Spam is an unsolicited email that is sent to the crowd [1]. According to Suryanto [2], the number 
of spam emails in the world increases exponentially every year. Based on recent spam statistics data from 
AV-test, Indonesia is ranked 8" of the total country population in the world for the global spammers [3]. 
The regulations on spam spreading in Indonesia have not been explicitly regulated in the Information 
and Transaction Act Electronic (Law No. 11 Year 2008/UU ITE). However, spam delivery can be 
categorized in deeds is forbidden in Chapter VII, articles 27-34, more precisely chapter 33 [4]. 

Various researches have been done related to spam detection and filter as we can see in the works 
of Nagwani and Sharaff [5], Sah and Parmar [6], Bhuiyan et al. [7], Ezpeleta et al. [8], and Jawale et al. [9]. 
However, the most used method to prevent spam is a text mining method with Bayesian filtering.
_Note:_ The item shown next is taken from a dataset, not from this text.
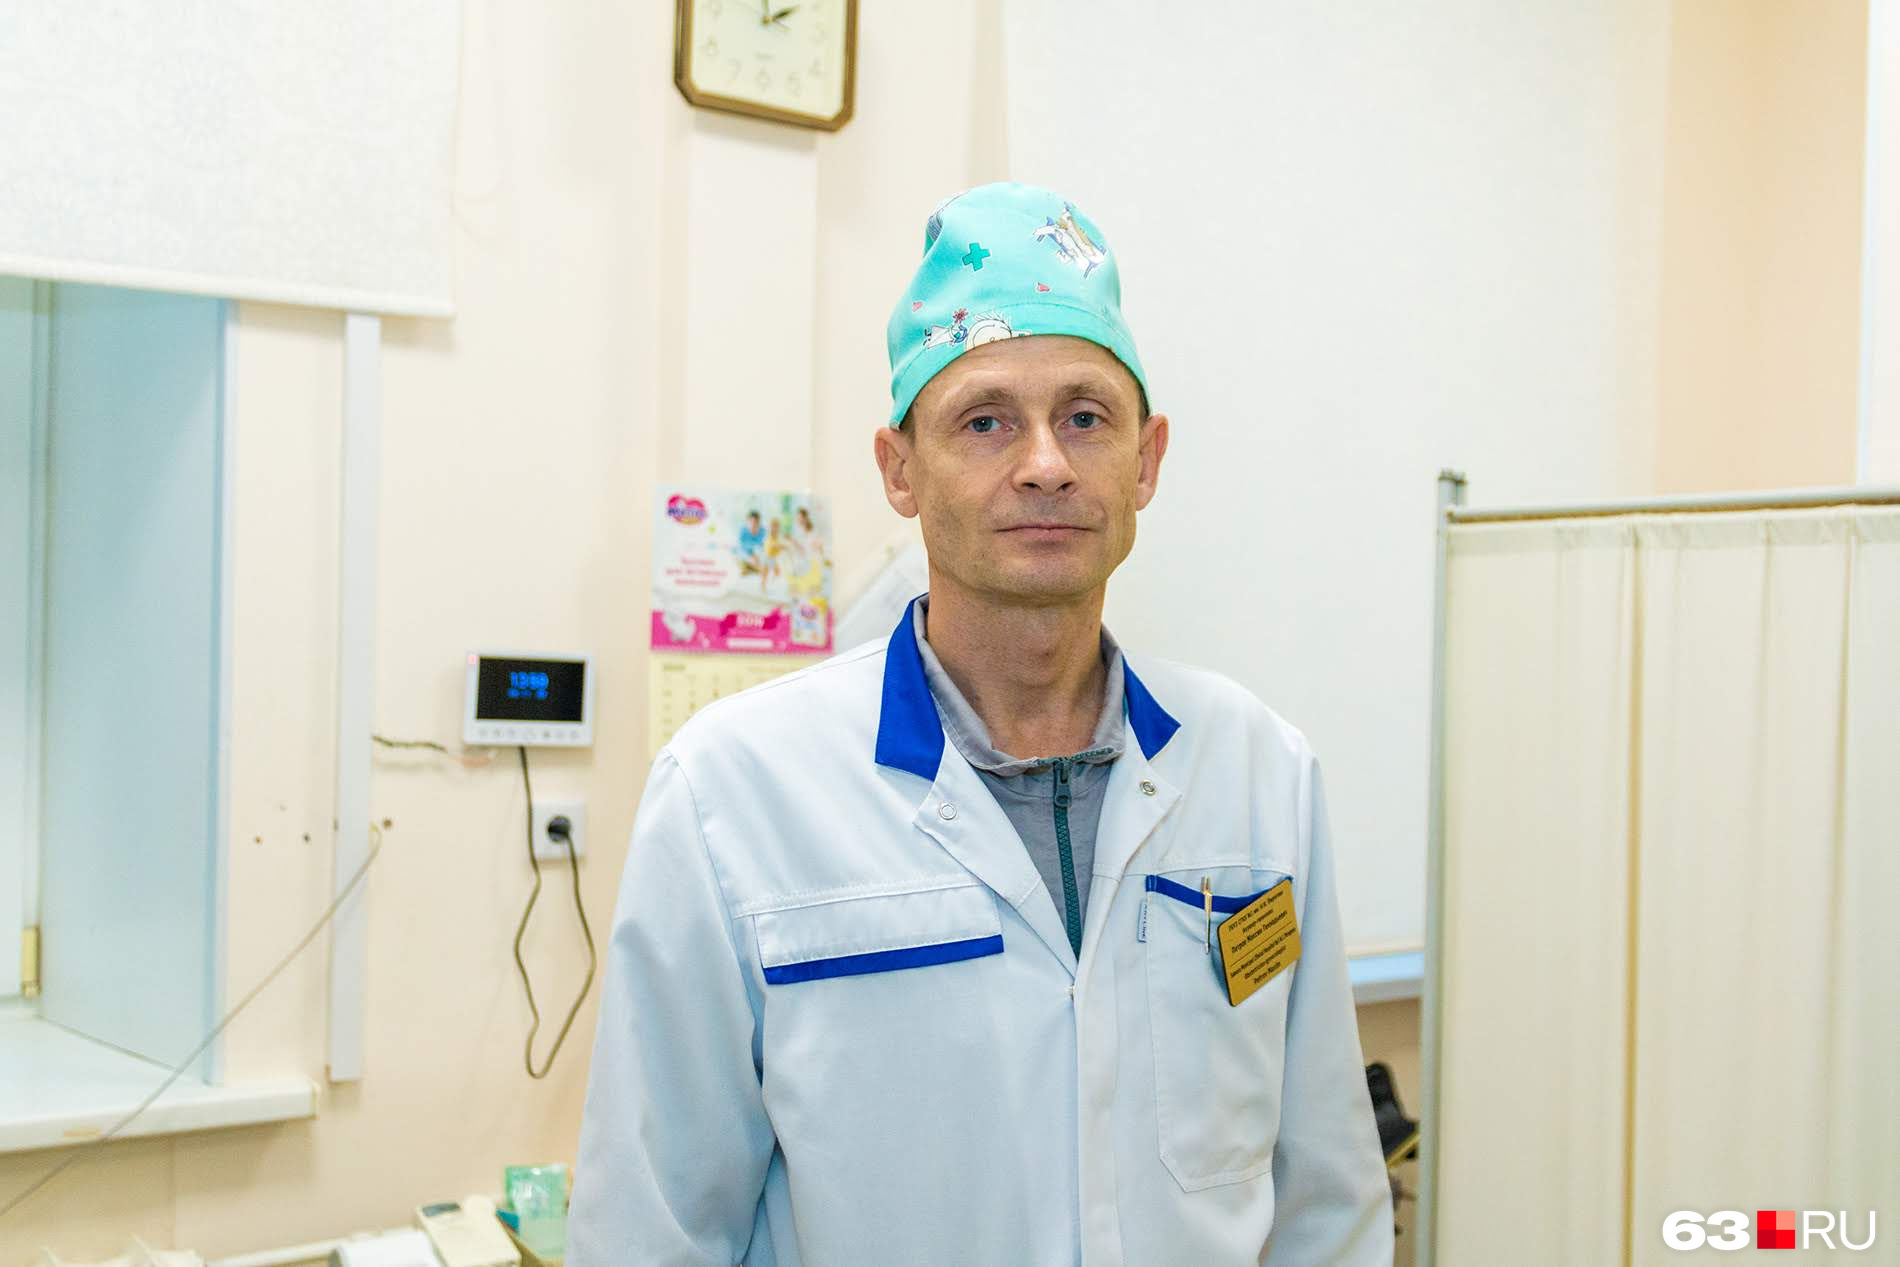 «В год мы принимаем примерно 2000 родов», — рассказывает Максим Петров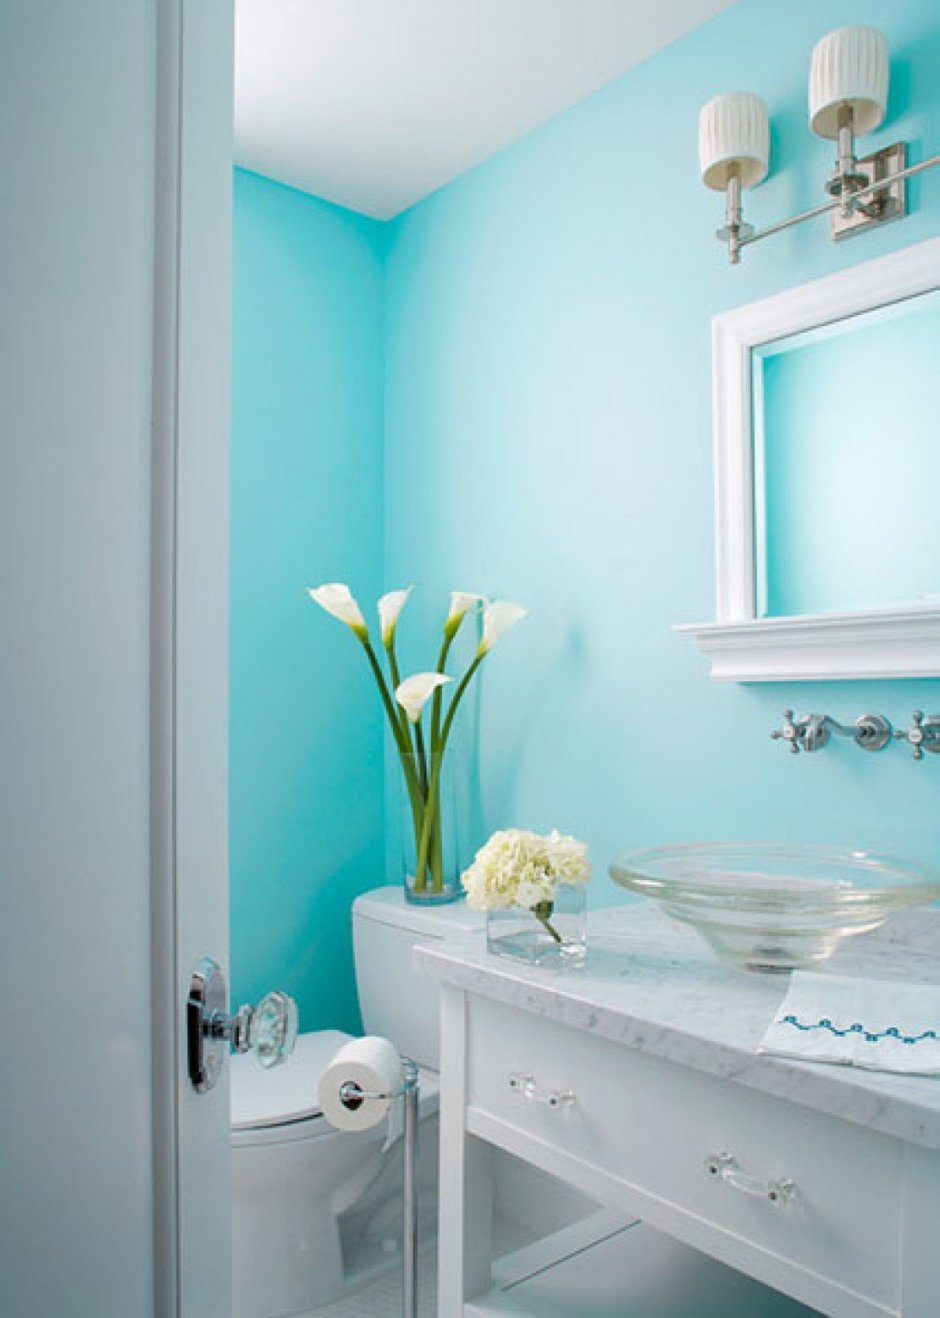 Голубая краска в ванной комнате

Even 
though many advanced text mining techniques have been developed [10-15] and comparison between 
different methods has been done [16-18], the Naive Bayes algorithm is considered simple and has a fast 
computation [19, 20]. Moreover, the N-gram method is used to add the accuracy of the Naive Bayes 
algorithm inside the spam classifier, as we can see in [21-23]. 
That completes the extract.